What this looks like concretely depends on the field. For mathematics, both halves are nearly in place. The unconscious is arriving via looped language models, and the verifier already exists in the form of Lean. All we need to do is use AlphaProof’s Formalizer to convert the Looped Language Model output to Lean, and we’re good to go.
The more difficult question is what we do in fields that don’t already have a Lean. The unconscious half seems to generalize quite well, judging by the less spiky benchmark results from the Looped Transformer paper. But the verifier half does not generalize. Instead, it has to be built field by field. And what counts as a verifier in one domain looks nothing like what counts as a verifier in another.
In physics, building the verifier means investing in experiment automation. That is, robotic labs that can run, measure, and report on experiments proposed by a latent-reasoning model, closing the loop between hypothesis and data without a human in the middle. In biology, the same logic points to high-throughput assay platforms that can test a model’s proposed interventions at scale, with the same feedback loop into the unconscious. In economics and the social sciences, the verifier half has to be weaker, such as large-scale simulation environments, prediction markets, or structured forecasting tournaments that can at least provide a noisy verification signal where a clean one is impossible. But even a noisy verifier may be enough to close the loop, so long as the unconscious half is there to propose hypotheses worth testing in the first place.

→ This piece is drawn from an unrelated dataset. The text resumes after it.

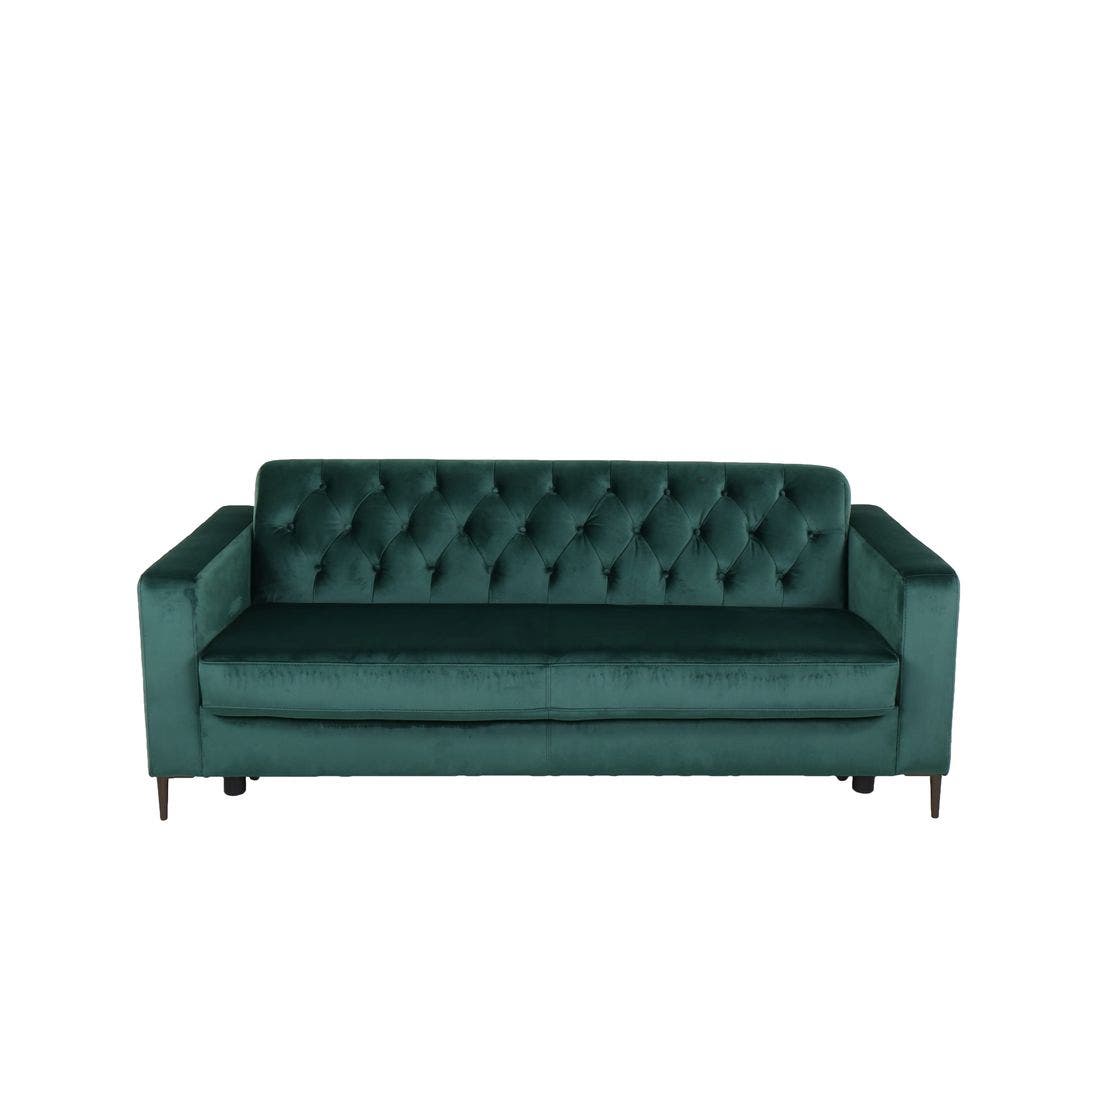 19197060-filipino-furniture-sofa-recliner-sofa-beds-function-01

Hadamard told us in 1945 that the real work of discovery happens in a place that is neither rigorous nor articulable, and that the conscious mind’s job is to set the stage and then check the work afterward. Looped language models are finally giving us the unconscious that Hadamard envisioned. The next paradigm wires the verifier into the output of the looped language models, closing the loop on Hadamard’s Discovery process. The fields where we can build both halves are the fields where Hadamard’s full cycle will finally run on a machine and where we should expect AI progress to accelerate most dramatically in the coming years.
Hadamard, J. (2020). The Mathematician’s Mind: The Psychology of Invention in the Mathematical Field. Princeton University Press.